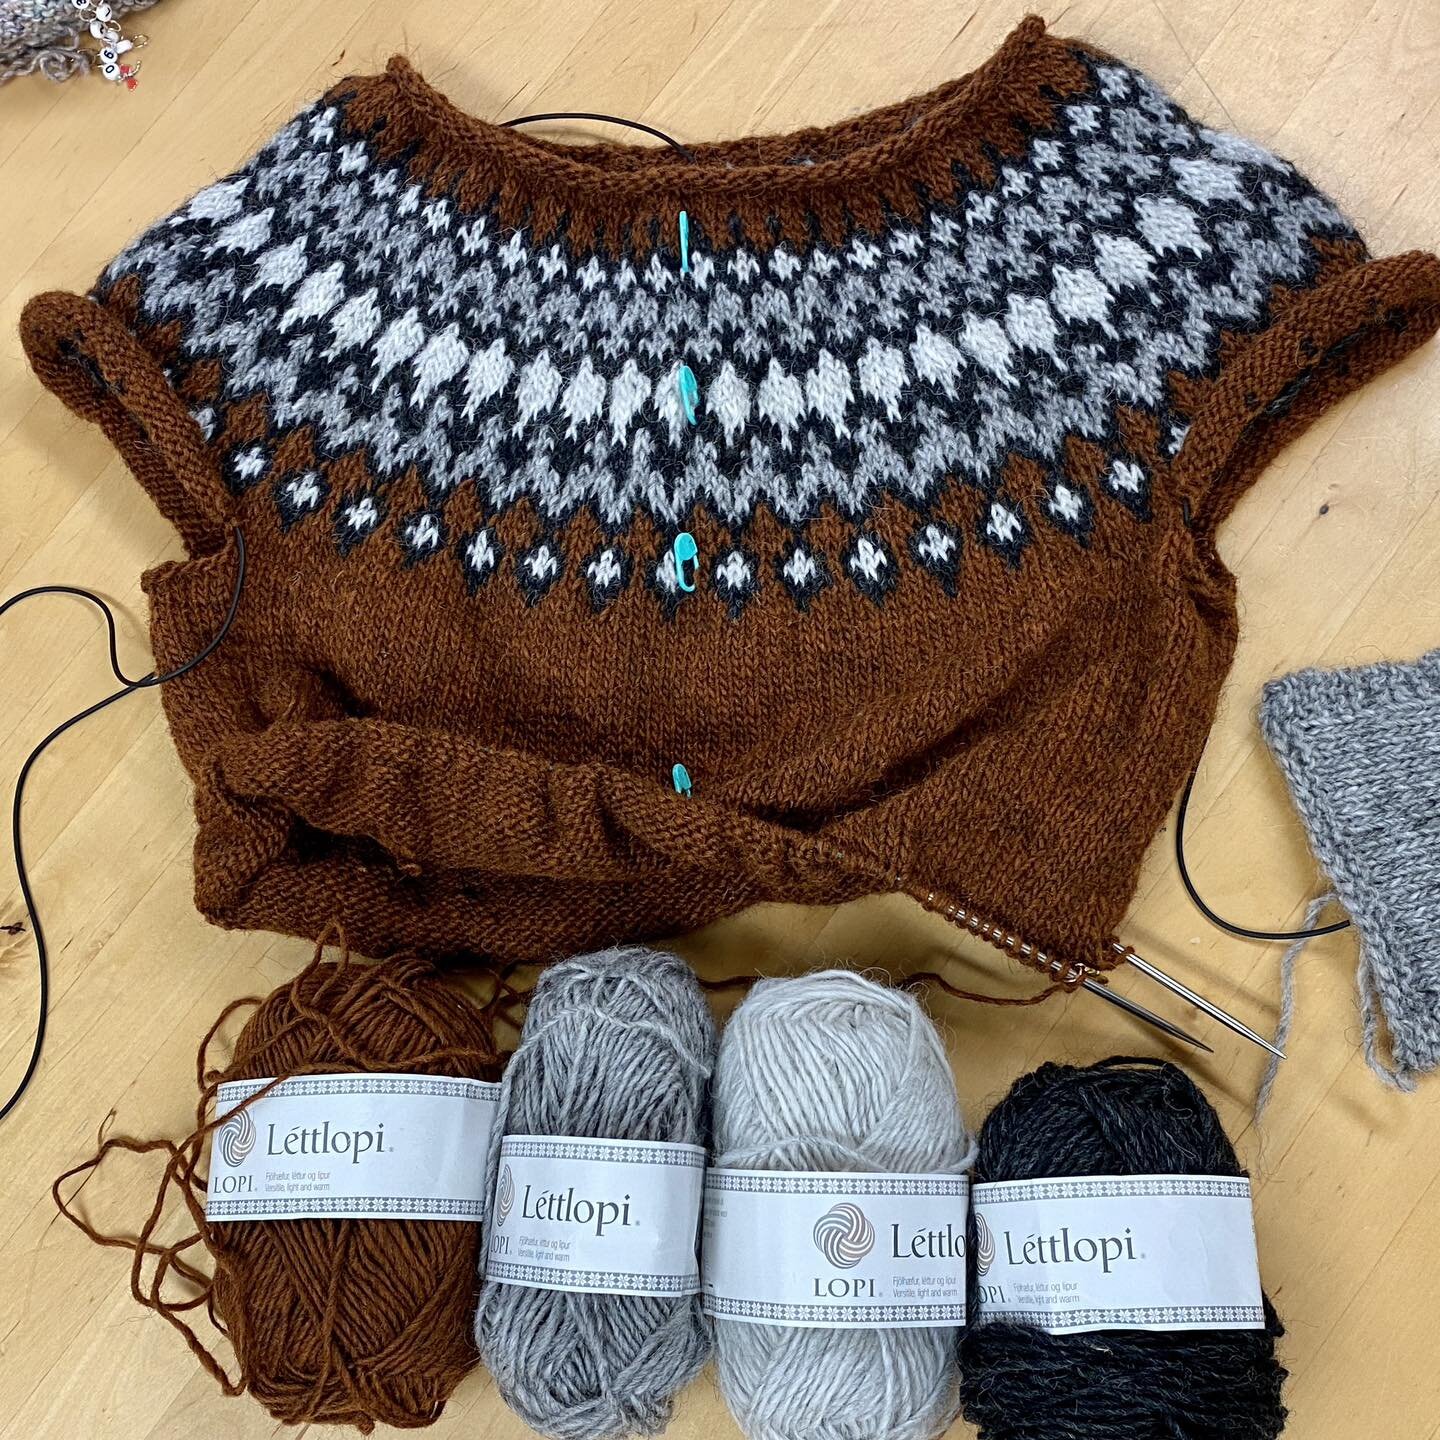 There are always a lot of WIPs floating around the shop! Here are two we are loving right now. Miechelle&rsquo;s Treysta by Jenn Steingass is working up sooo quickly in Aran weight Lettlopi. And Brooke is using Madara by Noro for a wear-with-everythi
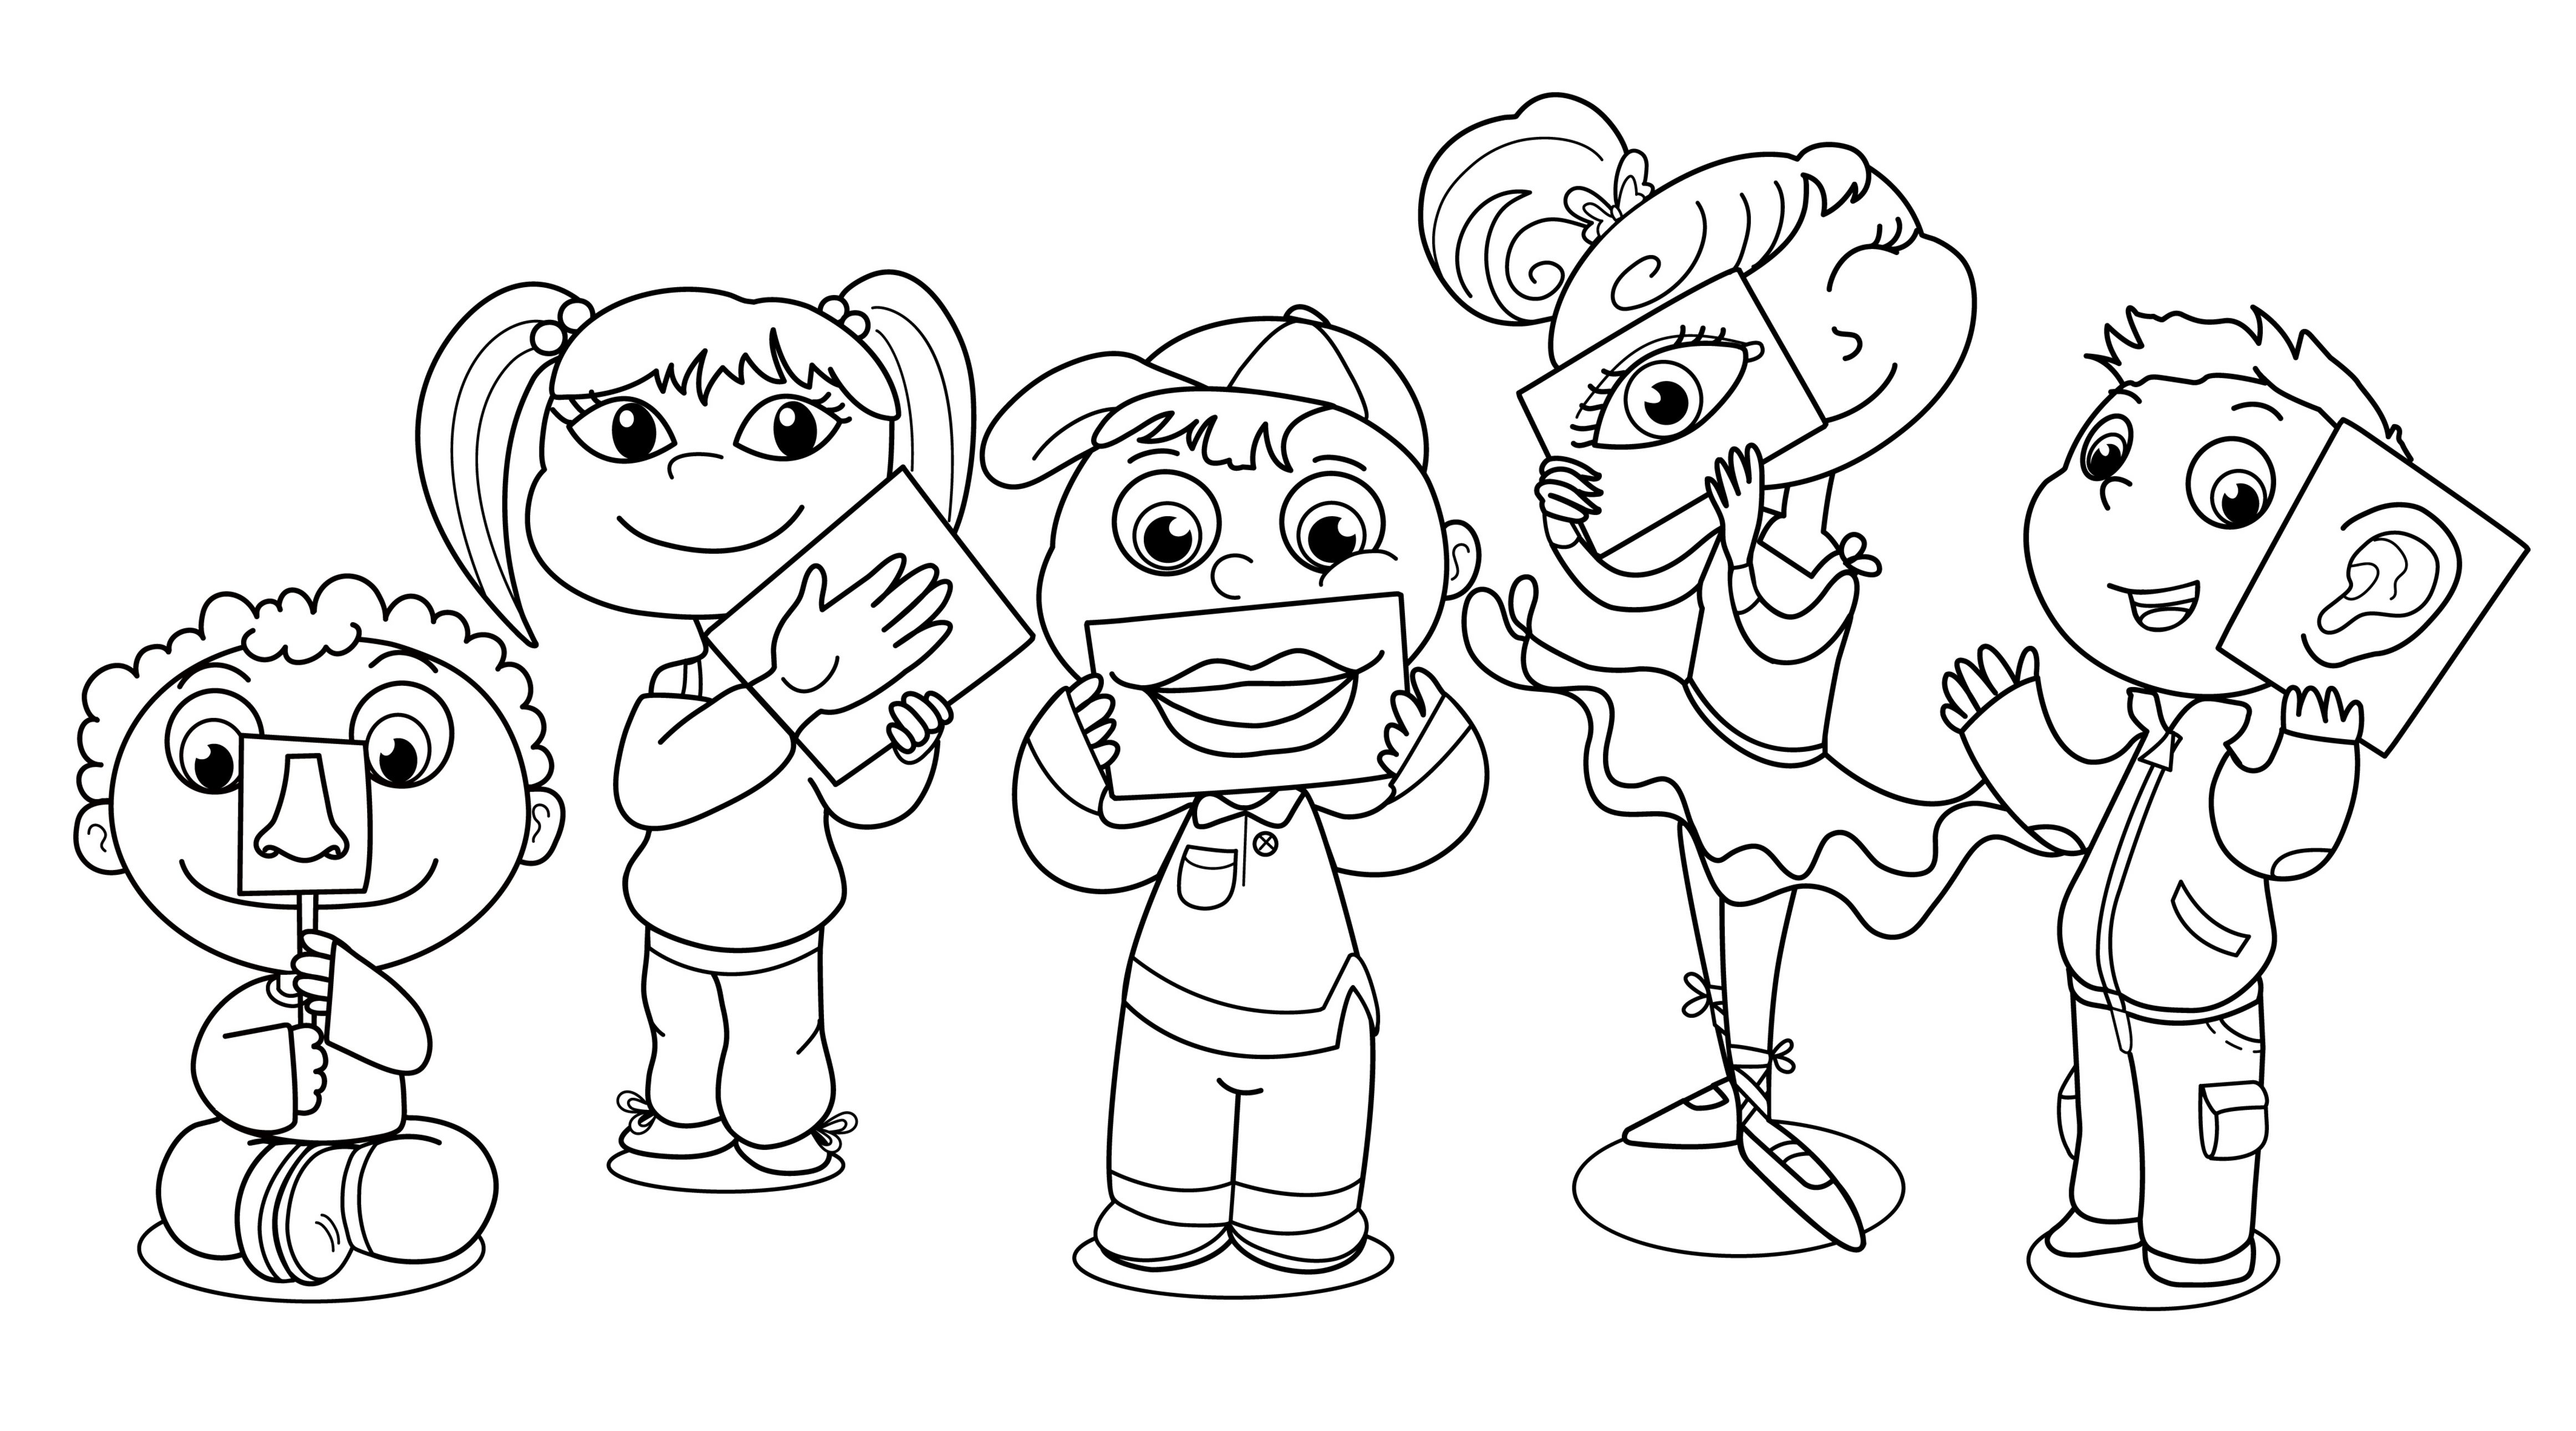 5 senses clipart coloring page. Pin on five 
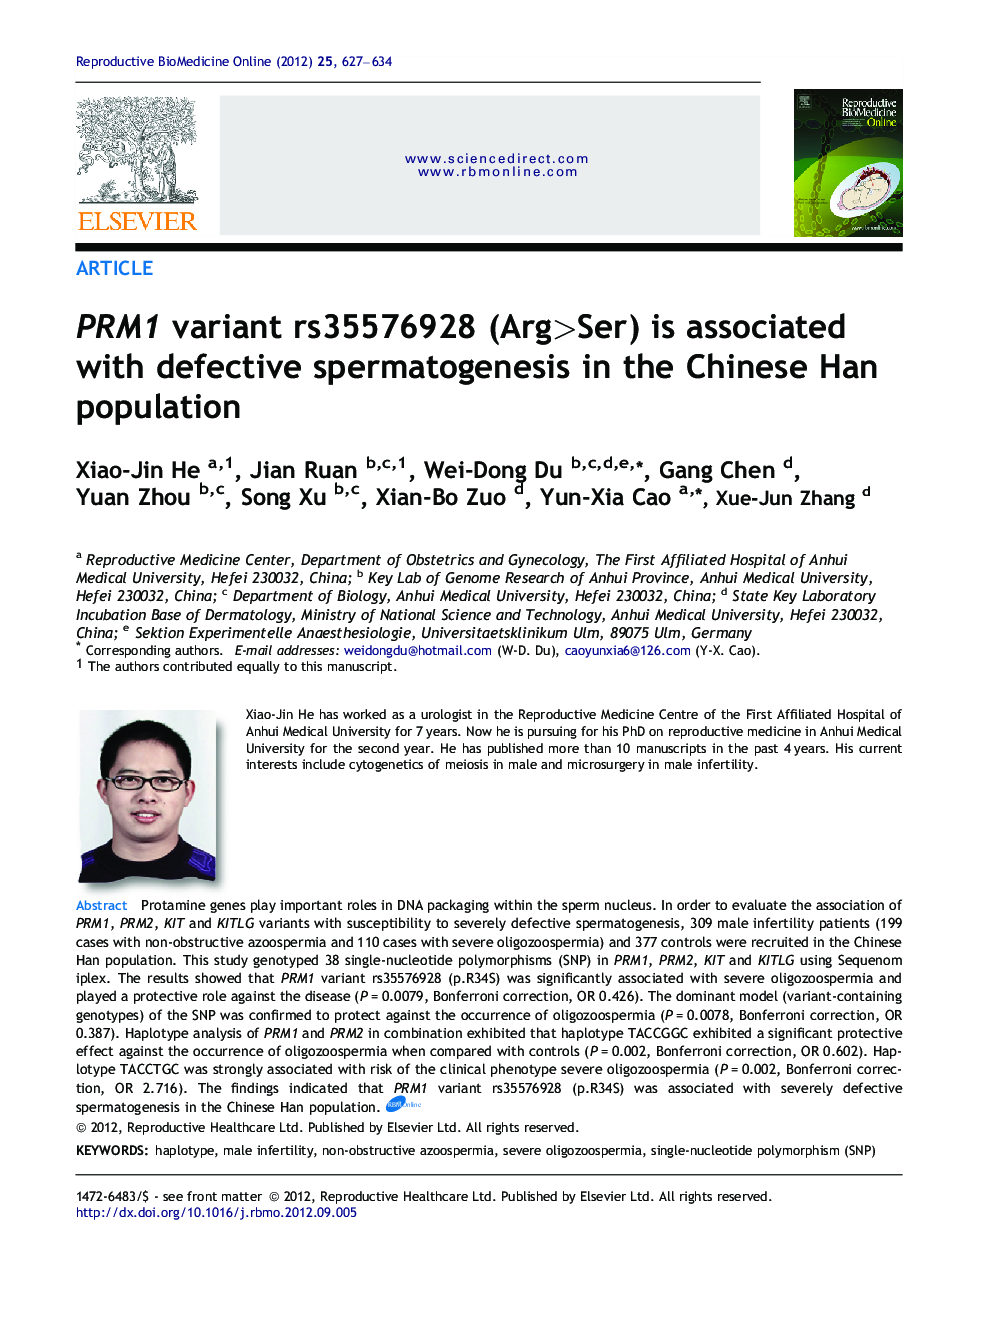 PRM1 variant rs35576928 (Arg>Ser) is associated with defective spermatogenesis in the Chinese Han population

┄┄┄┄┄┄

Try it → Could you transcribe all of the data exactly and omit the pictures?

Task result →
 There are always a lot of WIPs floating around the shop! Here are two we are loving right now. Miechelle&rsquo;s Treysta by Jenn Steingass is working up sooo quickly in Aran weight Lettlopi. And Brooke is using Madara by Noro for a wear-with-everythi
 5 senses clipart coloring page. Pin on five 
 PRM1 variant rs35576928 (Arg>Ser) is associated with defective spermatogenesis in the Chinese Han population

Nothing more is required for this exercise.